LTV/CAC model is severely flawed for ecommerce brands.
In theory, it tells
How much money are you making from each new customer?
For every $1 spent, how many $ is generated back?
Pretty important question. Right?
In practice, both metrics LTV & CAC are flawed in answering this correctly.
Both on the acquisition side and on the retention side.
Here’s why
CAC Doesn’t consider other variable costs
It might work for software subscription businesses as other variable costs of delivery are minimal if not zero.
In ecommerce, the cost to deliver a physical product includes COGs (cost of goods sold) & 3PL partners (logistics & fulfillment)

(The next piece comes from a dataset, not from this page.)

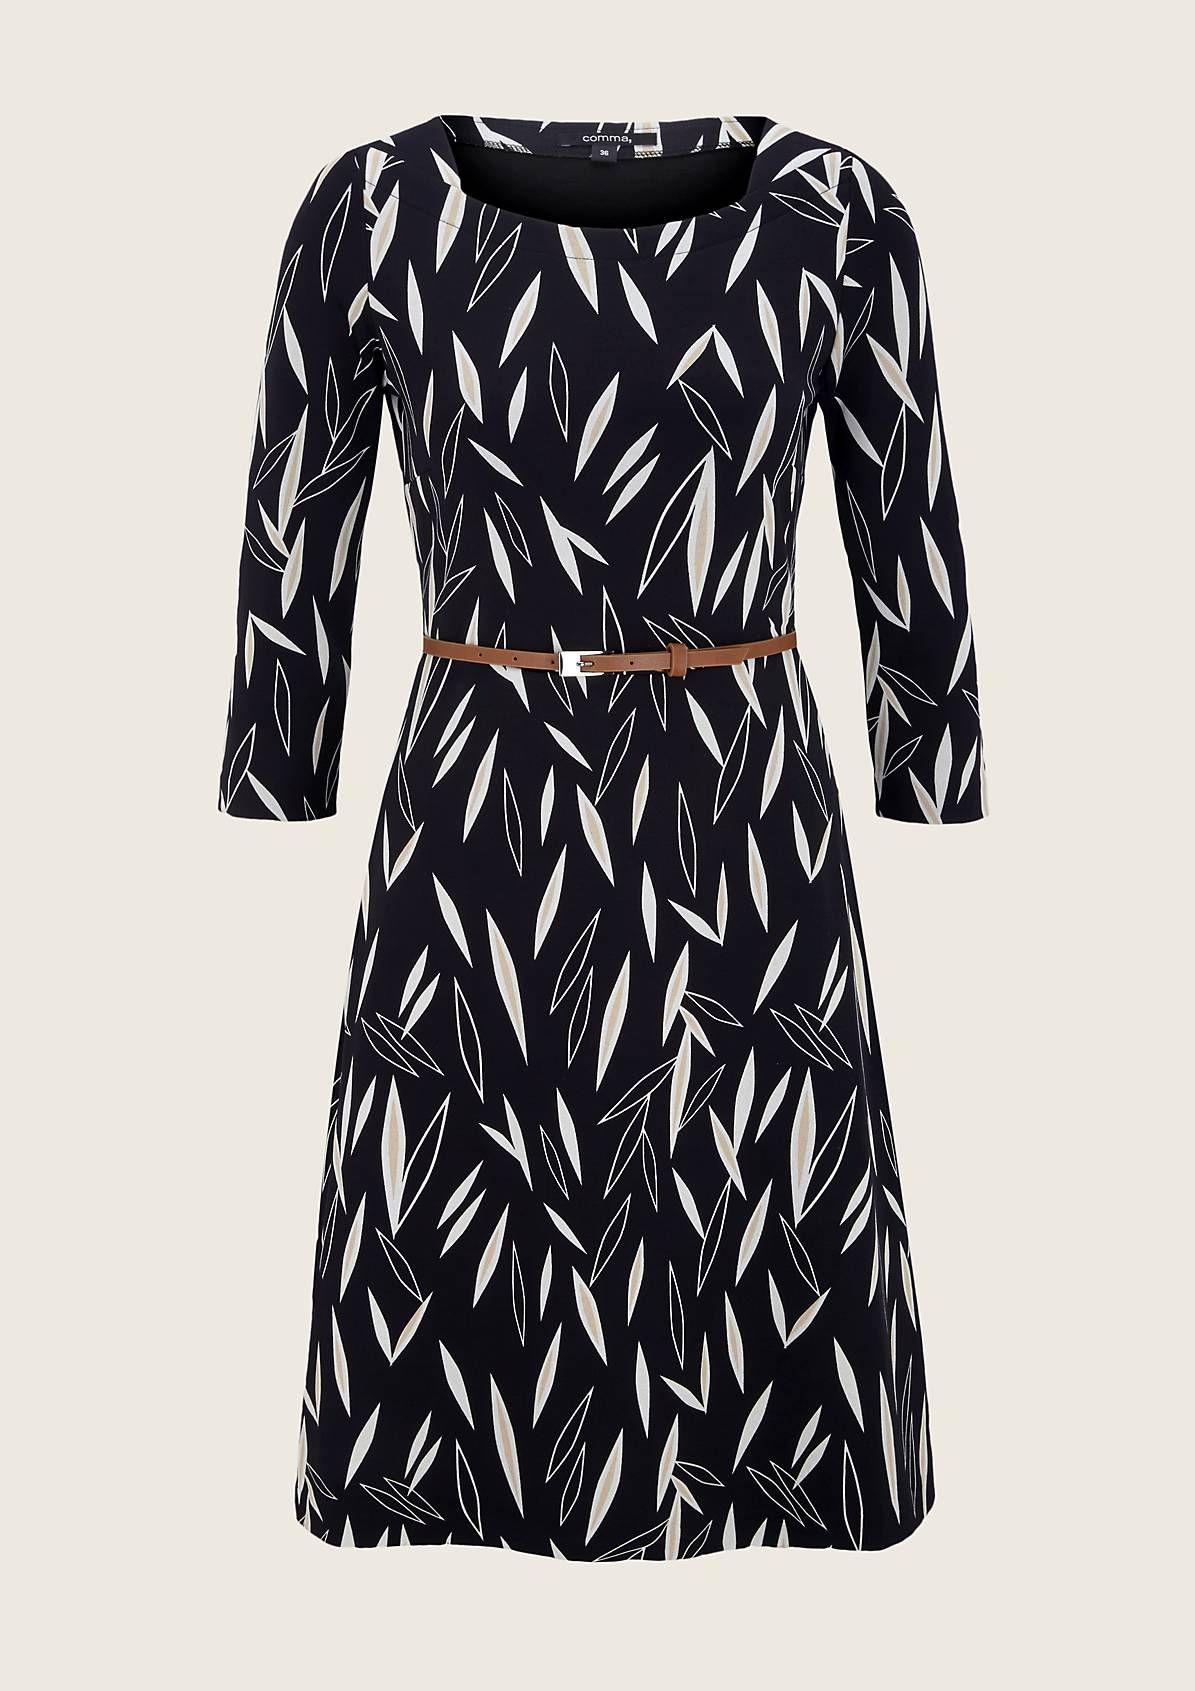 musterkleid 81.601.82.3357   fashion & mode   comma online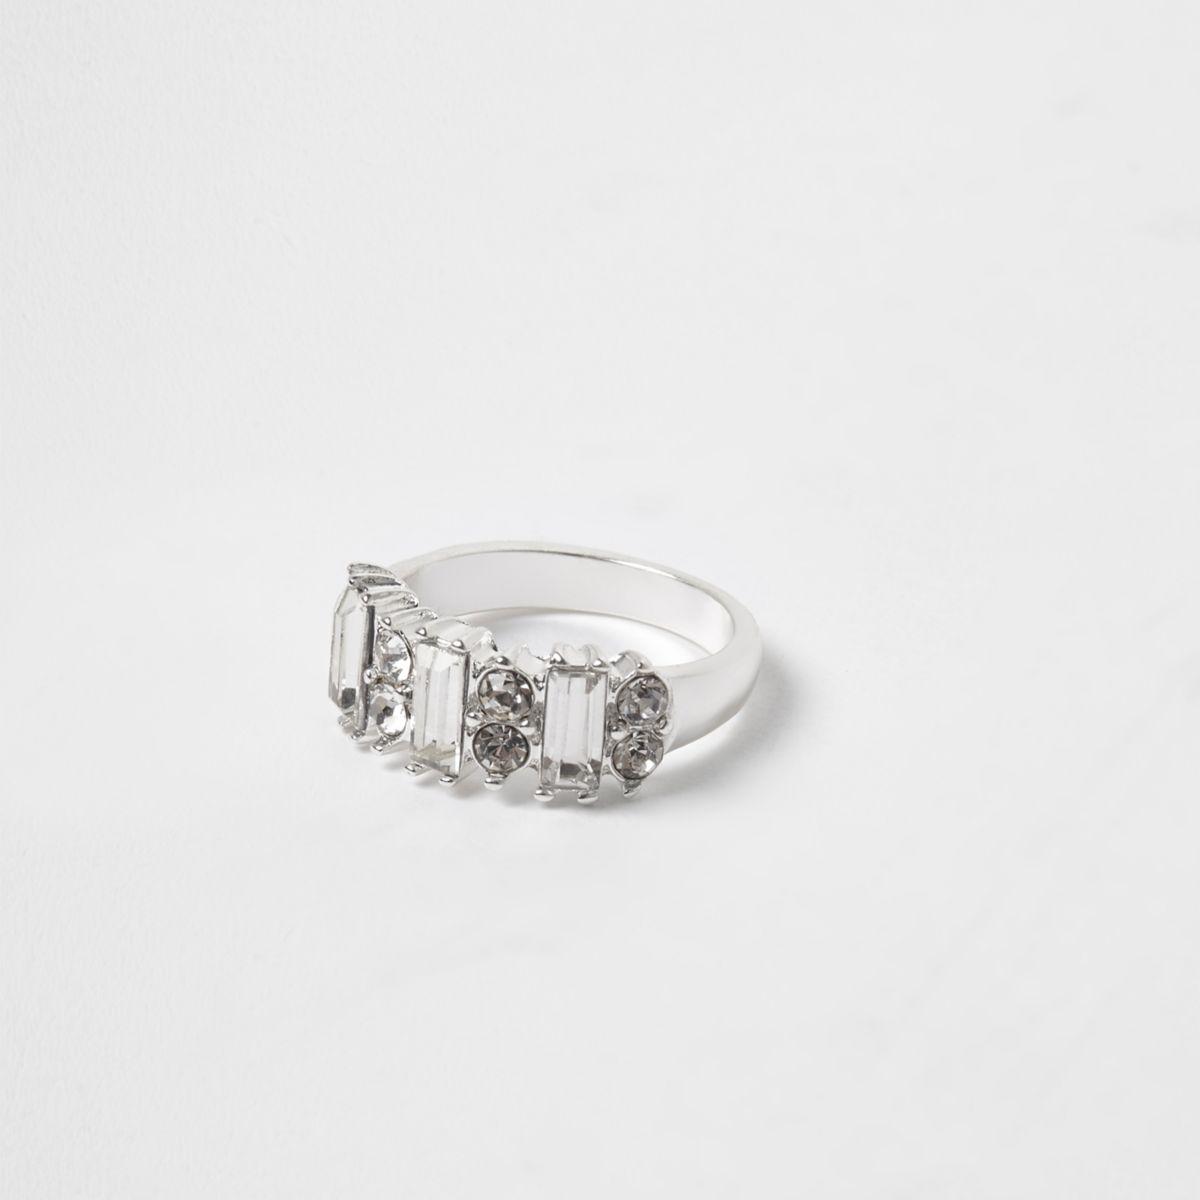 Silver tone baguette diamante ring

CAC alone doesn’t account for how much it costs to get the product in the customer’s hand.
Unpredictable LTV
DTC brands, if not on a subscription or don’t have reliable historical subscription data, can’t accurately predict the LTV.
With scale, LTV mostly goes down.
Secondly, most brands don’t have cash flows to wait for 6 months or a year for returns.
They will run out of business before they realize their LTV.
Even if you can predict the LTV safely, if it’s taking you more than 1 purchase to break even, the cash cycles will be severely restricted.
So LTV: CAC is not telling the right answer.
Back to the key question –
How much money you are making from each customer?
Contribution margin (CM) is a great metric to understand your profits on a single purchase.
For a lifetime, you can find the repeat purchase rate in the next 60 or 90 days.
Multiply that percentage by your contribution margin on a single acquisition. That’s your profit from a single customer.
But again repeat purchase is not free.
In short, DTC brands should break even on the first purchase or at least in the first month to grow faster.
Don’t rely on LTV: CAC to judge your marketing efforts, for both acquisition and retention.
It might be leading to wrong insights.